La Belgique et les Pays-Bas ont signé mercredi à Anvers une déclaration commune visant à améliorer le système ferroviaire transfrontalier entre les deux pays, en présence du ministre Jean-Luc Crucke (Mobilité, Climat et Transition écologique, au nom de la Belgique) et du secrétaire d’État démissionnaire Thierry Aartsen (Infrastructure et Gestion de l’eau, au nom des Pays-Bas).
“Les signataires apprécient la coopération existante entre les autorités concernées, les entreprises ferroviaires et les gestionnaires d’infrastructure ferroviaire, tout en reconnaissant qu’il subsiste des défis et que de nouveaux se sont ajoutés dans un monde en évolution rapide, qui appelle également à une action rapide. Les signataires reconnaissent donc l’urgence d’accélérer les démarches et de renforcer et d’intensifier davantage leur coopération mutuelle.”
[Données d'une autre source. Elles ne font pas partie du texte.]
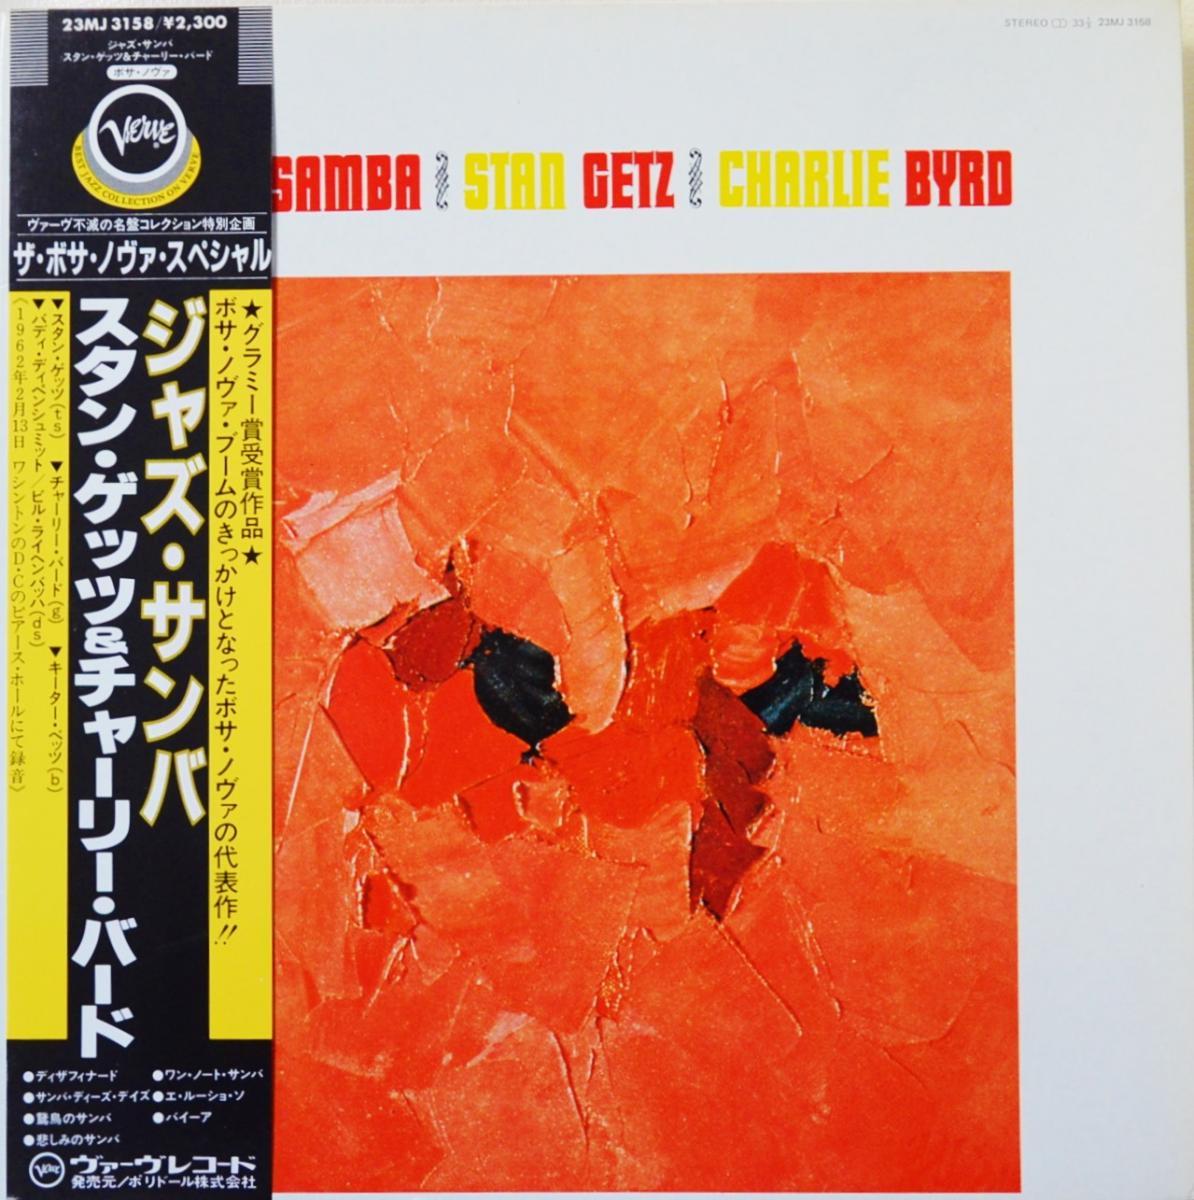 スタン・ゲッツ STAN GETZ / チャーリー・バード CHARLIE BYRD / ジャズ・サンバ JAZZ SAMBA (LP)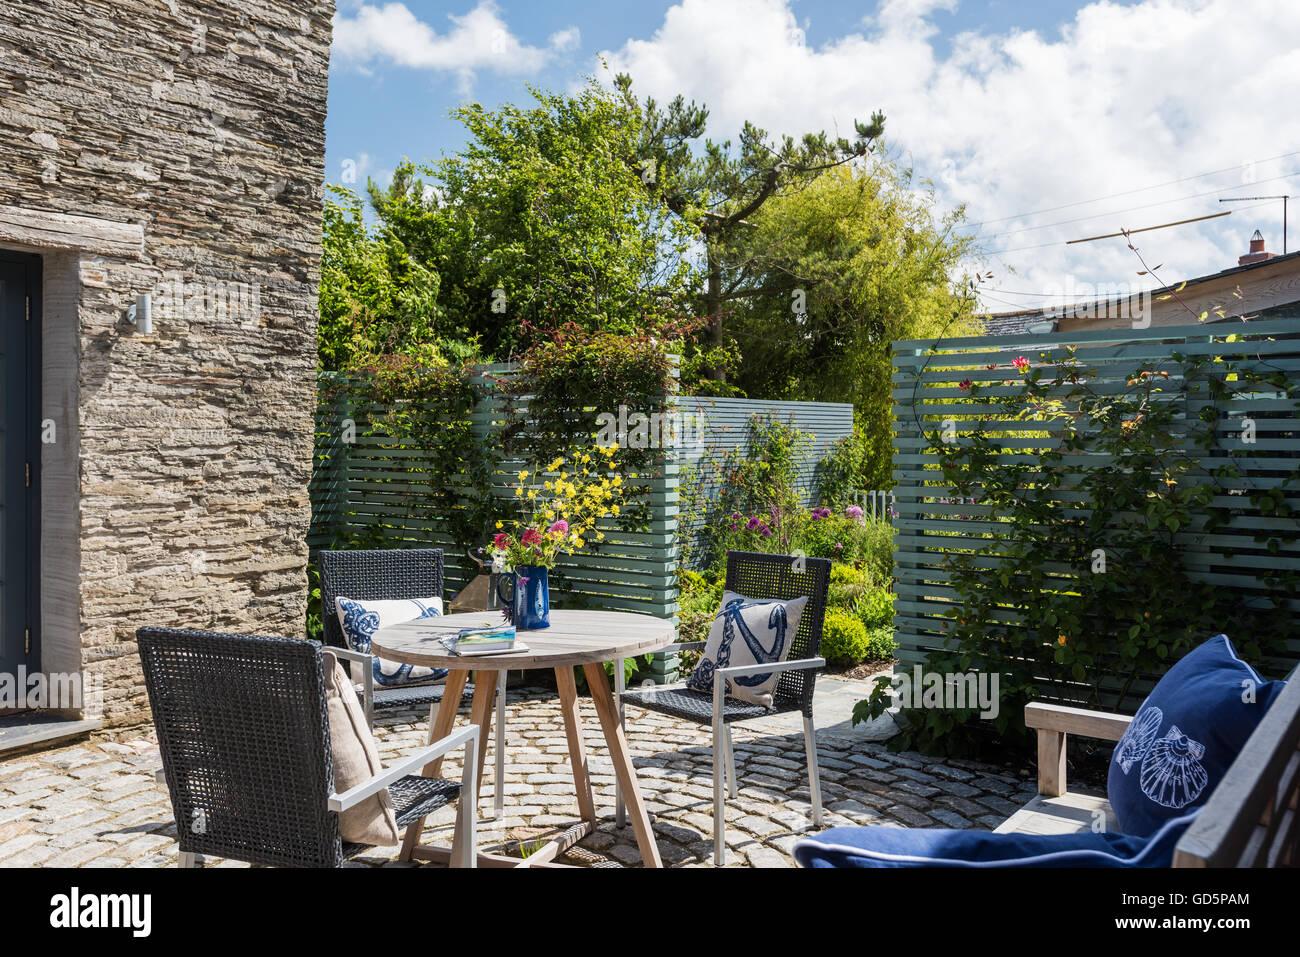 Mobili da giardino in cortile cottage con mattoni circolare lastricatore patio Immagini Stock

Les accords s’appuient sur la coopération existante et sur les accords ferroviaires conclus entre la Belgique et les Pays-Bas en 2022. L’intensification nécessite toutefois des efforts supplémentaires et, le cas échéant, un approfondissement du contenu. C’est pourquoi il a été convenu d’impliquer les autorités régionales et les gestionnaires d’infrastructure ferroviaire dans l’approche, lorsque cela est nécessaire et pertinent.
Concrètement, il existe cinq liaisons ferroviaires de voyageurs entre la Belgique et les Pays-Bas : Eurostar (Paris –) Bruxelles – Amsterdam, EuroCity Bruxelles – Rotterdam, EuroCity Direct Bruxelles – Lelystad, S32 (Puurs – Anvers – Roosendaal) et le Drielandentrein (S44) Liège – Maastricht (– Aachen), le S44.
Plusieurs dossiers
L’accord vise d’abord à améliorer la coordination et le déploiement de l’ERTMS : en Belgique, presque tout le réseau (à l’exception de la LGV 1 et de certains faisceaux) est passé à l’ETCS niveau 1 ou niveau 2. Aux Pays-Bas, la situation est plus compliquée car le réseau reste globalement à l’ancien système ATB, sauf sur la HSL Zuid, les deux lignes entre Europoort et Elten (DE), entre Utrecht et Amsterdam et sur la Hanzelijn entre Lelystad et Zwolle.
Côté passagers, l’accord voudrait étendre la capacité entre la Belgique et le Brabant-Septentrional (Noord-Brabant), notamment en améliorant les liaisons existantes S32 entre Anvers et Roosendaal et les EuroCity entre Bruxelles et Rotterdam (puisque les EuroCity Direct ne s’arrêtent pas à Breda).
Plus à l’est, les deux États souhaitent d’abord améliorer la performance commerciale du Drielandentrein (Liège – Maastricht – Aachen), mais aussi trouver une solution pour permettre à terme la reprise des circulations voyageurs entre Hamont et Weert, interrompues depuis 1991, malgré des trains qui circulent vers l’usine de zinc de Budel.
De plus, sur la ligne 19 entre Lommel et Hamont, un doublement des voies va avoir lieu entre Balen et Hamont, avec des travaux commençant cette année pour se terminer dans trois ou quatre ans.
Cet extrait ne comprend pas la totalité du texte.